By looking at the result from:
cat /proc/meminfo
I could see a large amount of Inactive memory. Using this command as a sudo user:
free && sync && echo 3 > /proc/sys/vm/drop_caches && echo "" && free
Freed up the inactive memory, and over the next 24 hours I was able to see the resident memory of my Mongo instance increasing to consume the rest of the memory available on the server.
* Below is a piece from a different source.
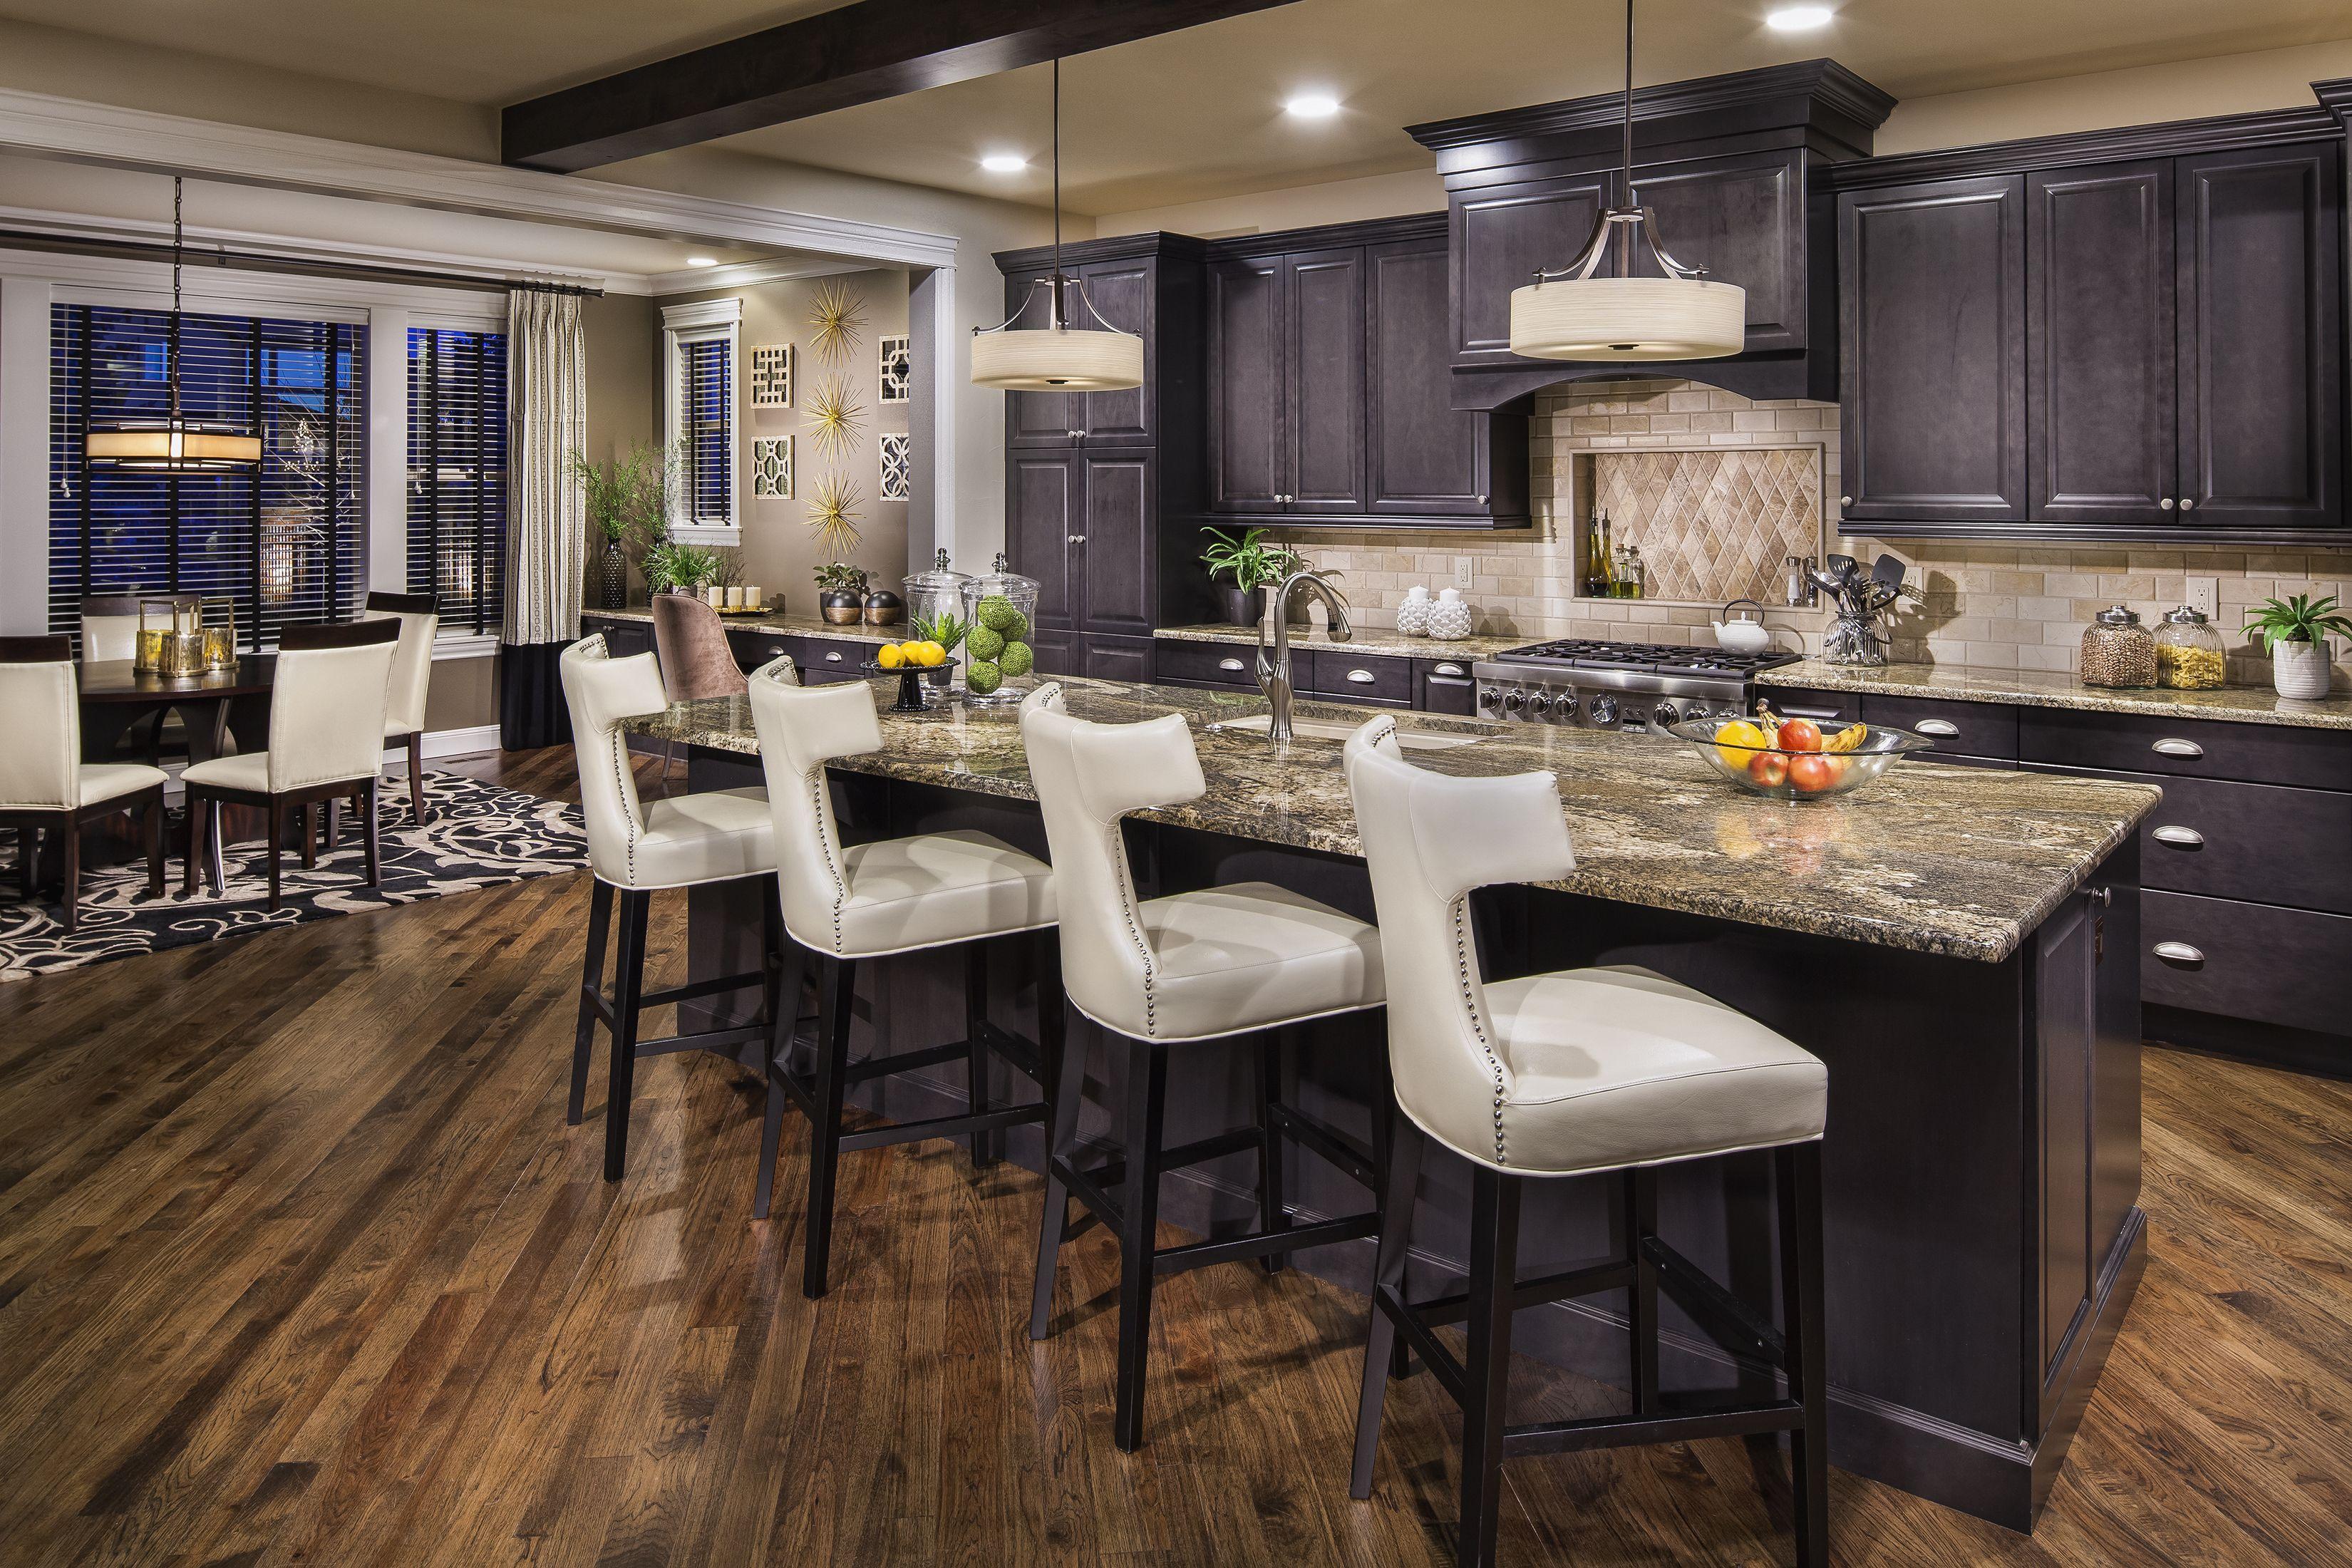 berardi residence kitchen custom interior design luxury interior design denver interior on kitchen interior luxury id=82355

Credit to the following blog post for it's instructions:
http://tinylan.com/index.php/article/how-to-clear-inactive-memory-in-linux
MongoDB only uses as much memory as it needs, so if all of the data and indexes that are in MongoDB can fit inside what it's currently using you won't be able to push that anymore.
If the data set is larger than memory, there are a couple of considerations:
Check MongoDB itself to see how much data it thinks its using by running mongostat and looking at resident-memory
Was MongoDB re/started recently? If it's cold then the data won't be in memory until it gets paged in (leading to more page faults initially that gradually settle). Check out the touch command for more information on "warming MongoDB up"
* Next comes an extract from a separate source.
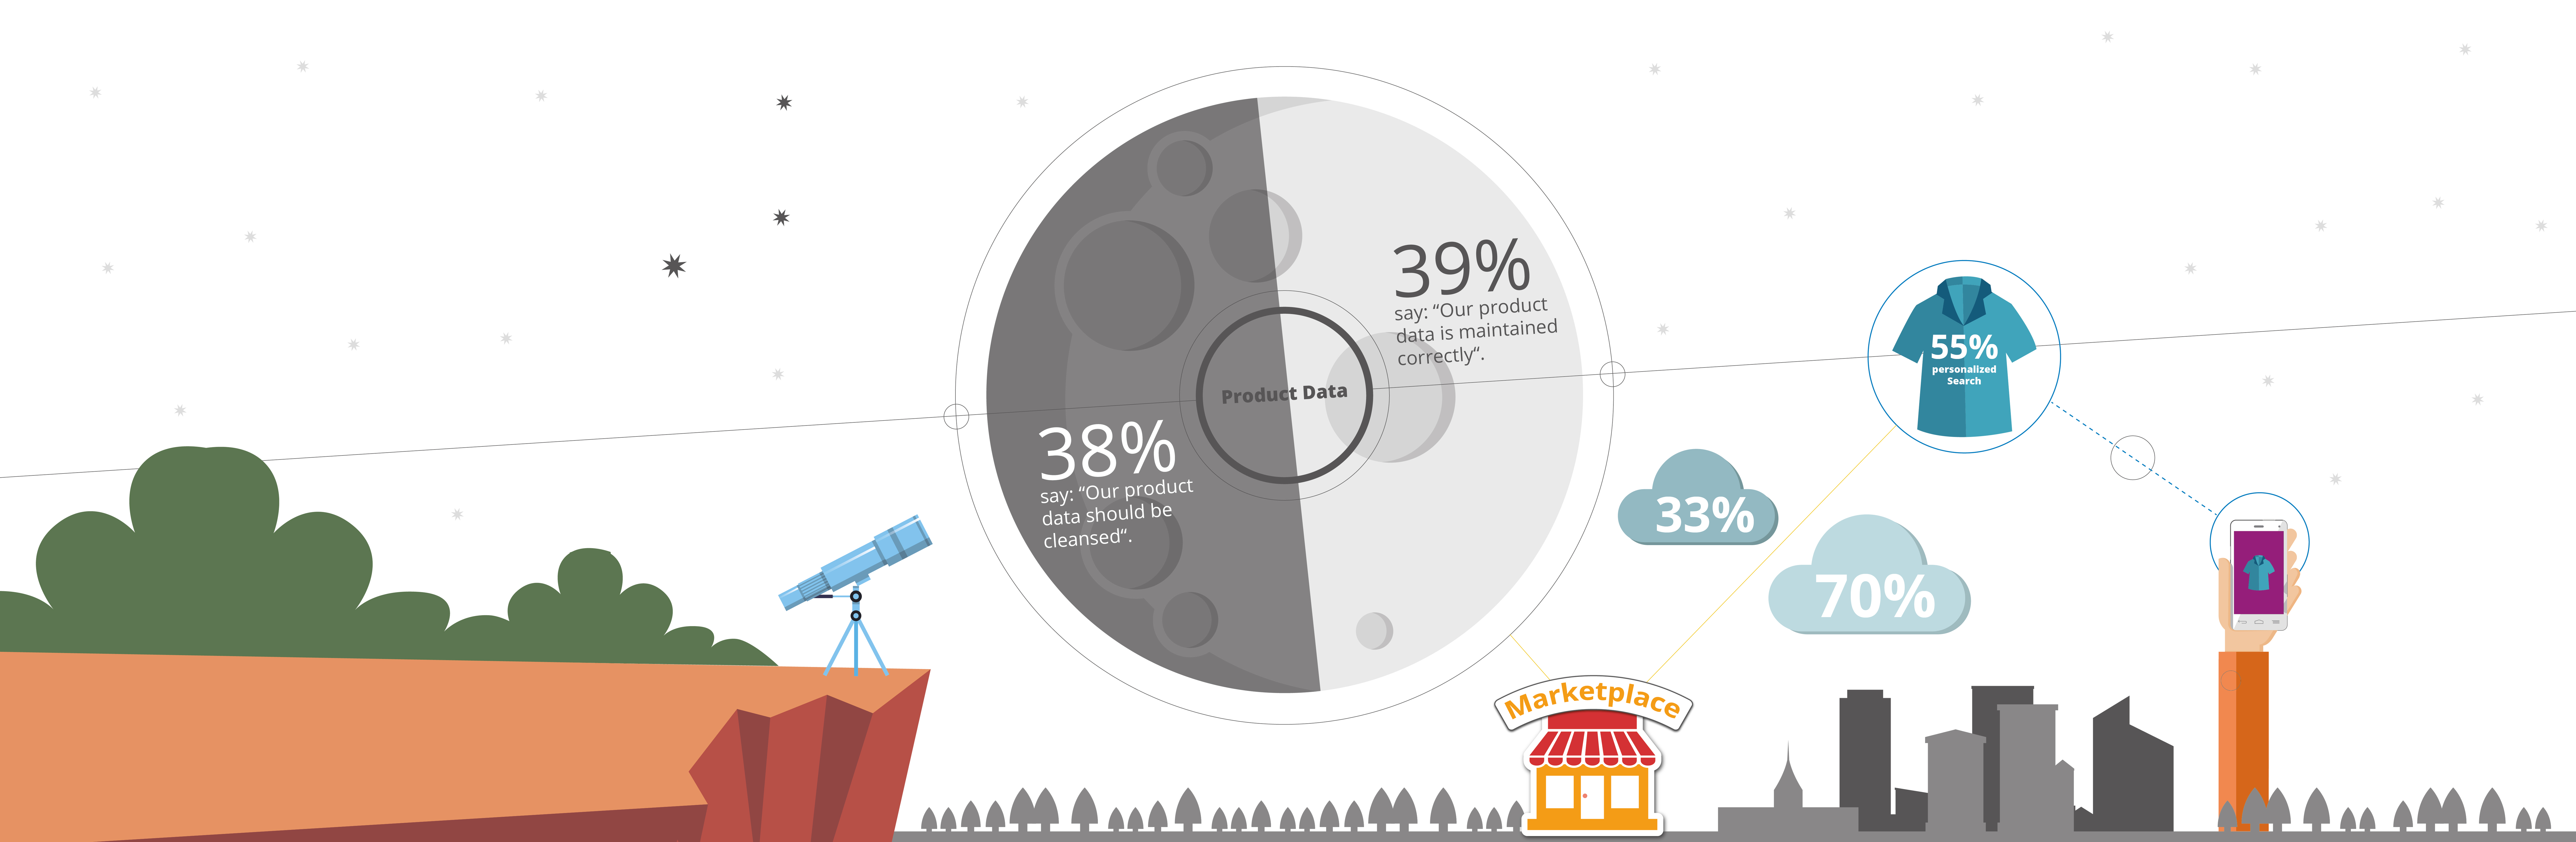 Retailer Survey

Check your read ahead settings. If your system read ahead is too high then MongoDB can't efficiently use the memory on the system. For MongoDB a good number to start with is a setting of 32 (that's 16 KB of read ahead assuming you have 512 byte blocks)
I had the same issue: Windows Server 2008 R2, 16 Gb RAM, Mongo 2.4.3. Mongo uses only 2 Gb of RAM and generates a lot of page faults. Queries are very slow. Disk is idle, memory is free. Found no other solution than upgrade to 2.6.5. It helped.